Do biodiesel and bitter cold mix?

Three cities partnered with Optimus Technologies to keep their fleets going at an 89% runtime on B100, in temperatures as low as -17°F.

Ames, IA, Madison, WI, and Washington DC: three cities that are no stranger to heavy snow and freezing cold, especially with the extreme low temperatures our country has been tackling, recently.

In an effort to test the viability of 100% biodiesel (B100) while reducing urban carbon emissions, those cities partnered with Optimus Technologies to keep their fleets going at an 89% runtime on B100, in temperatures as low as -17°F. Biodiesel is derived from organic materials like plant-based oils, animal fats and used cooking oil.

“By embracing biodiesel, we are taking proactive steps to mitigate the environmental impact of our heavy-duty fleet operations,” said Jason Nordt, fuel management officer of DC Department of Public Works, “It enables us to continue operating even in severe weather conditions like the one we are experiencing now, ensuring our communities’ safety from snow, garbage, and carbon emissions.”

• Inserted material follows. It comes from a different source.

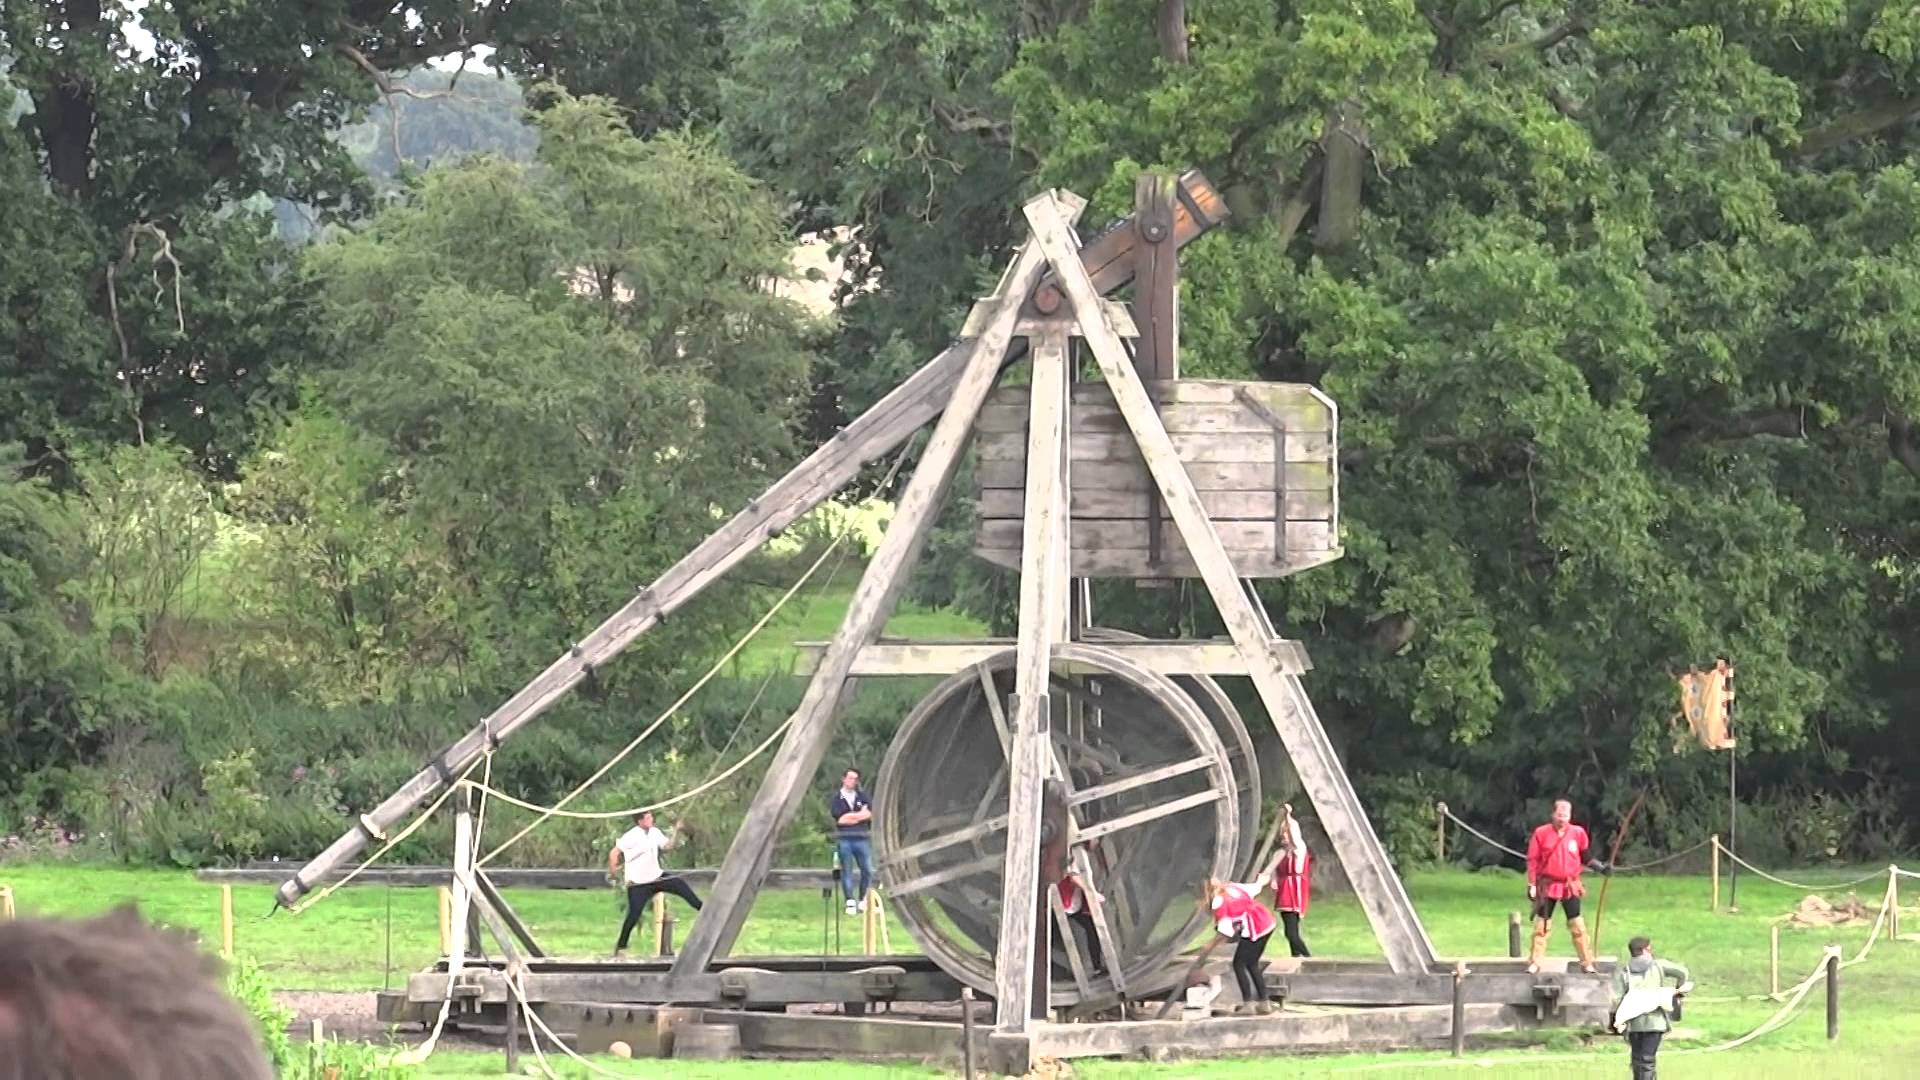 Warwick Castle - Trebuchet in Action, HD 1080p - YouTube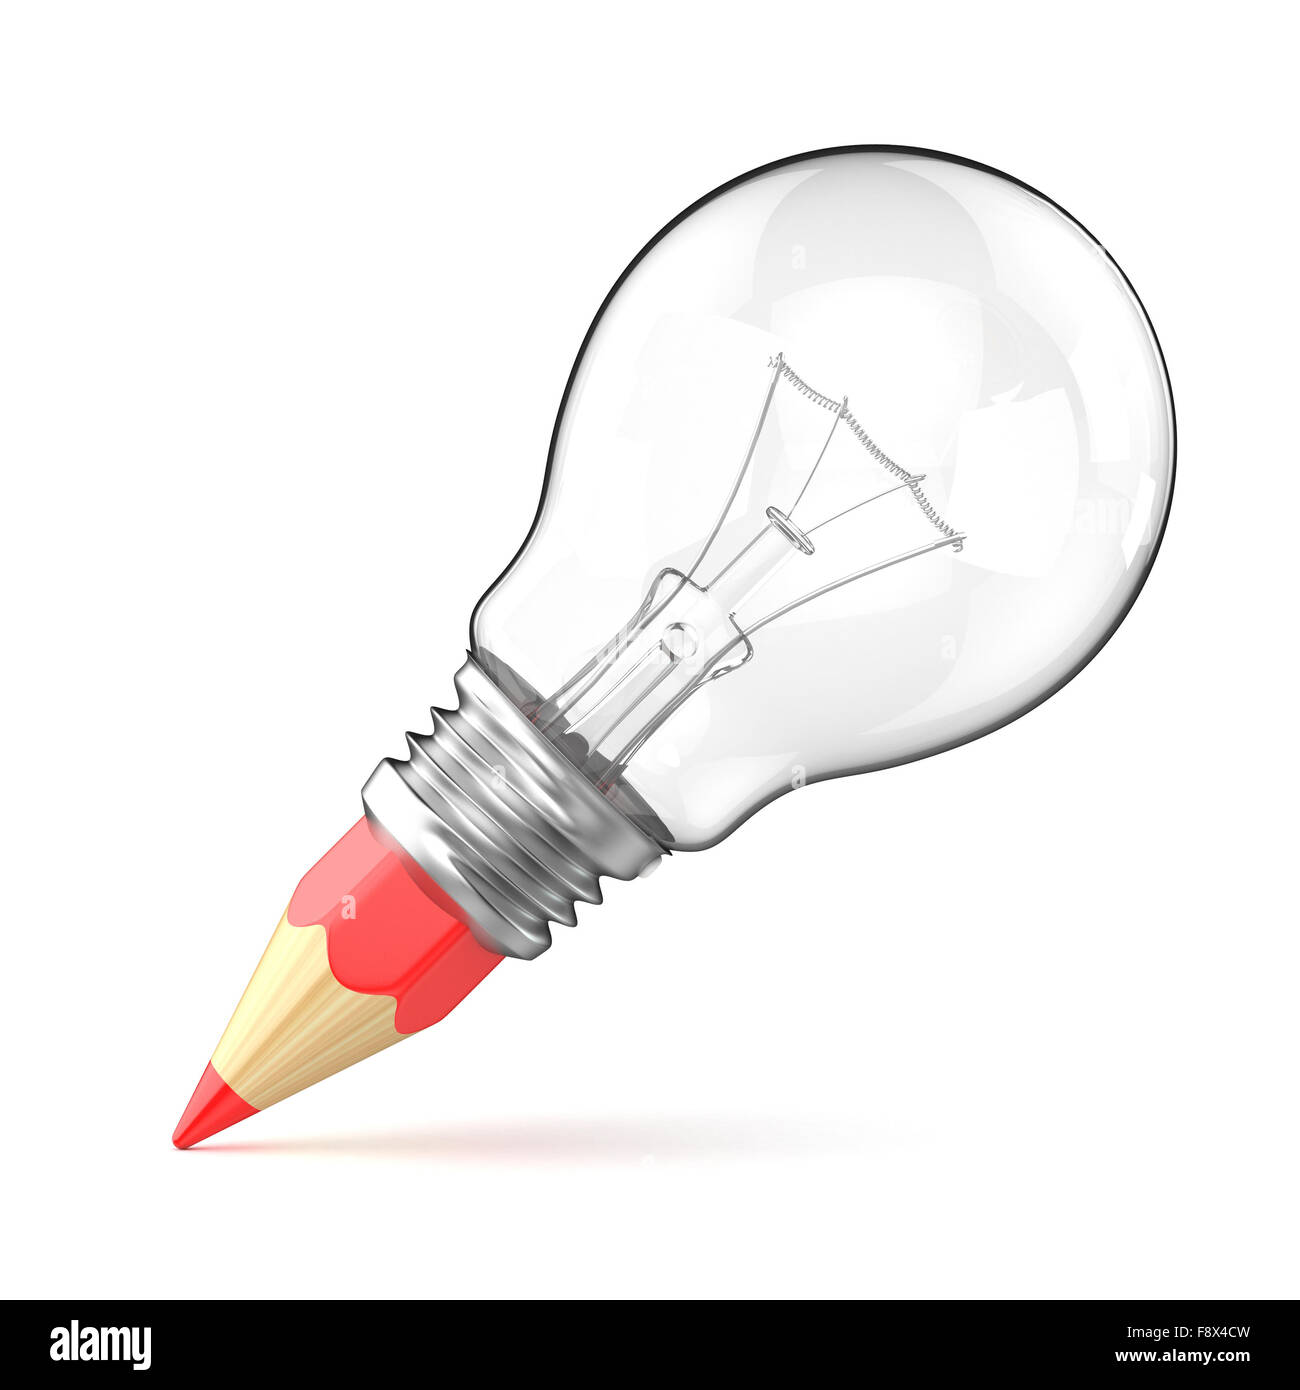 Ampoule crayon comme concept créatif. Rendu 3D illustration isolé sur fond blanc Banque D'Images

“Our work in city government is important year-round but especially so during inclement winter weather events, when plowing and salting the streets becomes an urgent priority for our communities to function.” said Mahanth Joishy, fleet superintendent for the City of Madison, WI. “Using B100 affirms our dedication to domestic energy security and independence, supporting the local Wisconsin economy, and a greener and more sustainable urban environment for residents and future generations, all without compromising on our mission to serve the public during emergencies and at all times. B100 works for us in all seasons as it will for any fleet anywhere.”